Ce qui est valable pour la photographie en N&B l’est tout autant pour la couleur.

La trichromie

Le 23 novembre 1886, Louis Arthur Ducos du Hauron dépose un brevet d’impression trichromique.

Il s’agit de réaliser 3 prises de vue à travers des filtres Rouge, Vert et Bleu (cyan). Puis de les imprimer sur de fines feuilles de gélatine bichromatée. Celles-ci sont chargées en pigment au charbon de couleurs verte, rouge et jaune orangé (complémentaires des couleurs des négatifs). Lorsque l’on superpose les trois images positives, on obtient une photographie en couleur.

Les premières photos publiées datent de 1877

 

Première photo couleur (trichromie) de Louis Ducos du Hauron en 1877 à Agen.
Première photo couleur (trichromie) de Louis Ducos du Hauron en 1877 à Agen. *

 

Ce procédé trichrome a vu des brevets très proches les uns des autres déposés dans divers pays. Plus ou moins à la même époque.
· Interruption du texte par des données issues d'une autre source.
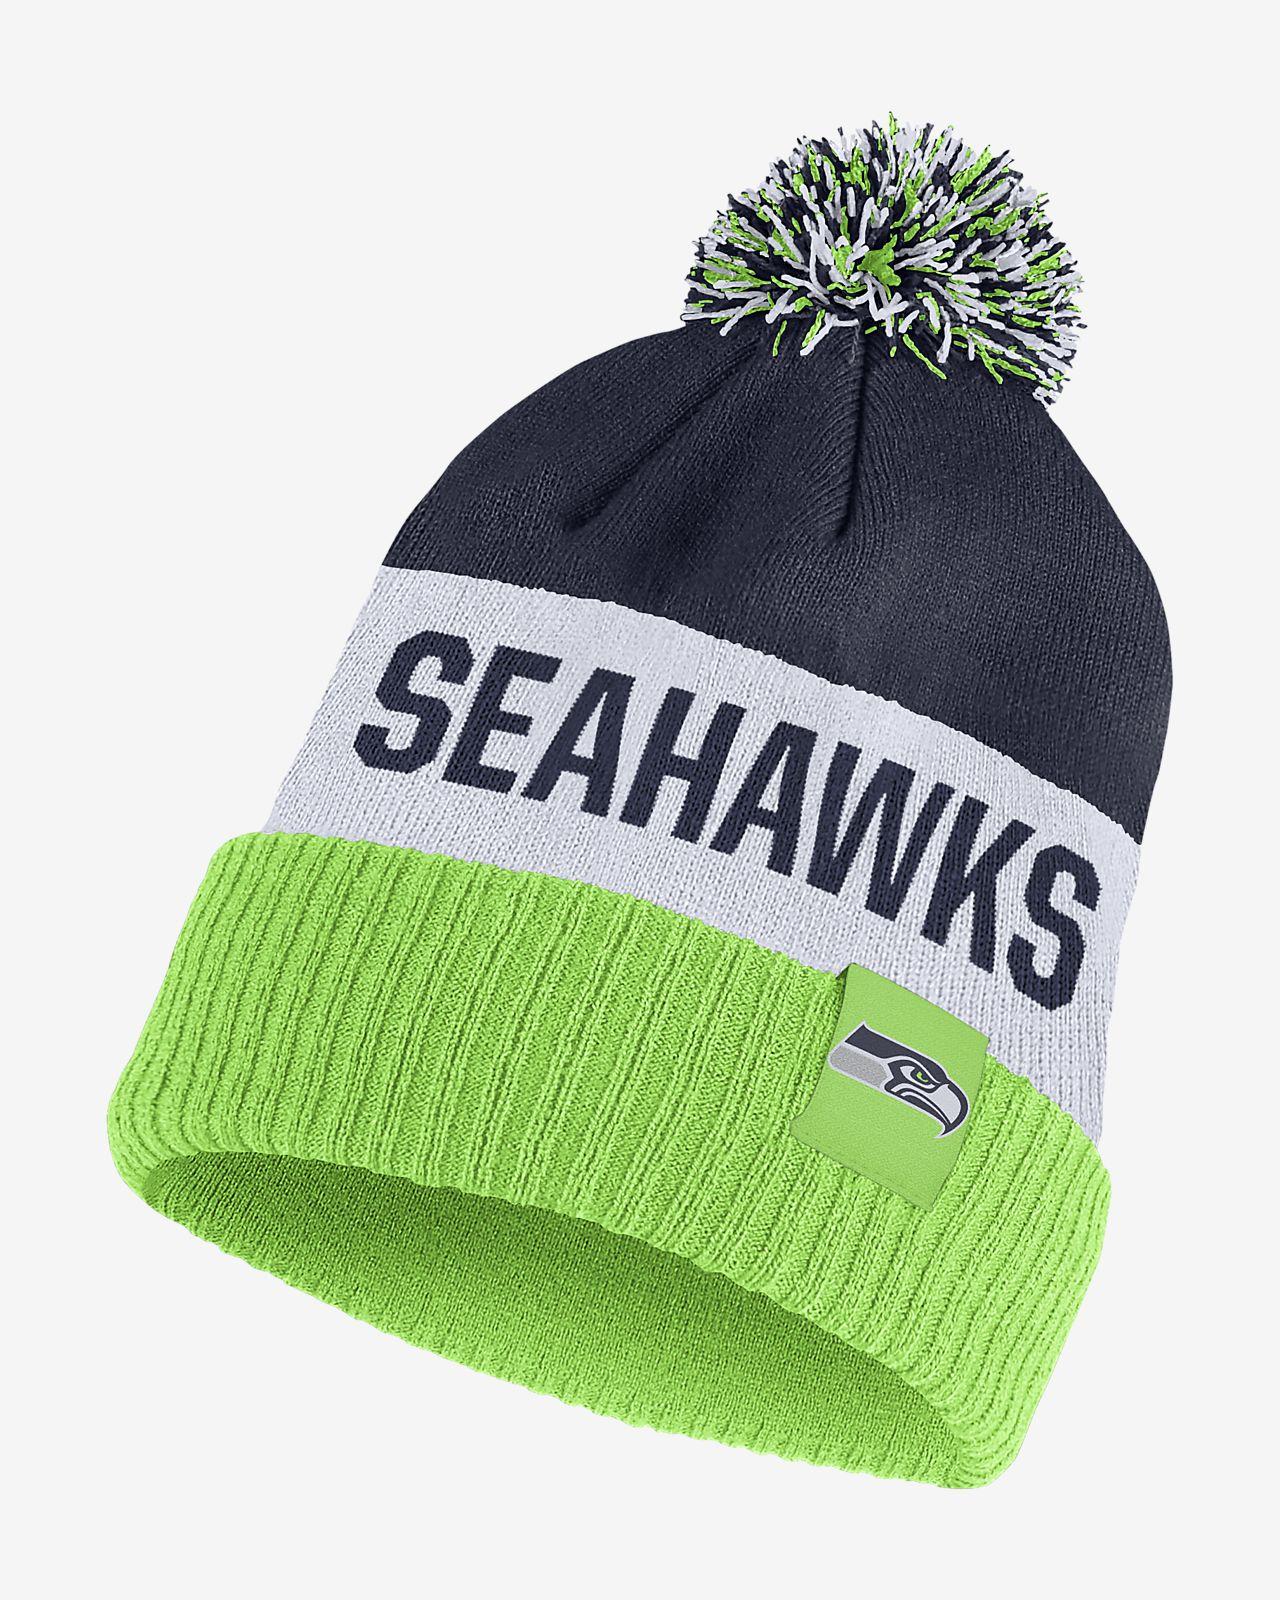 Σκούφος Nike (NFL Seahawks)
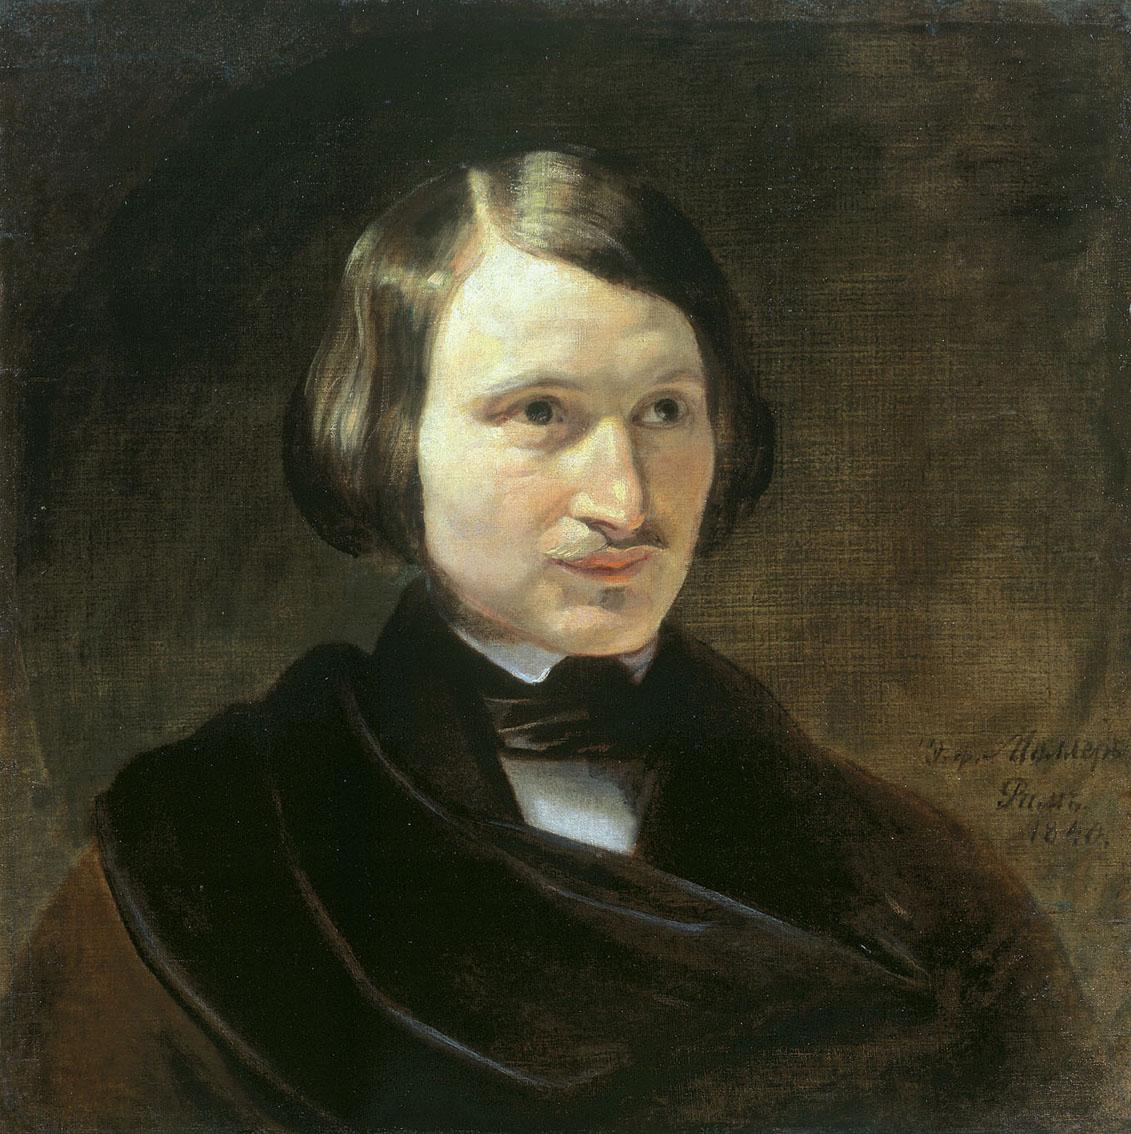 Николай Гоголь. Портрет кисти Федора Моллера, 1840

Le procédé est évidemment lourd, assez délicat et surtout long. Long parce que les surfaces sensibles de l’époque étaient assez peu sensibles. Vous imaginez aisément que chaque coup de vent, chaque animal ou personne qui passe dans le cadre au moment d’une des trois photos compromet le résultat final.

Cette technique va perdurer pendant une vingtaine d’années avant que n’arrive l’autochrome.

 

* Vous remarquerez les bandes latérales colorées, dues aux défauts de chevauchement des 3 clichés. Ce défaut est assez fréquent avec les trichromies

 

Photographie d'Edward Steichen prise en 1904
Photographie d’Edward Steichen prise en 1904
Joueurs d'échecs -cliché de Stieglitz -1907
Joueurs d’échecs -cliché de Stieglitz -1907

 

Portrait de Afsandiyar-khan - Khiva, Ouzbekistan (Russie)- circa 1911
Portrait de Afsandiyar-khan – Khiva, Ouzbékistan (Russie)- circa 1911

L’autochrome

Le 17 décembre 1903, les deux frères Louis et Auguste Lumière déposent le brevet du procédé autochrome. Il sera dévoilé par l’Académie des Sciences le 30 mai 1904.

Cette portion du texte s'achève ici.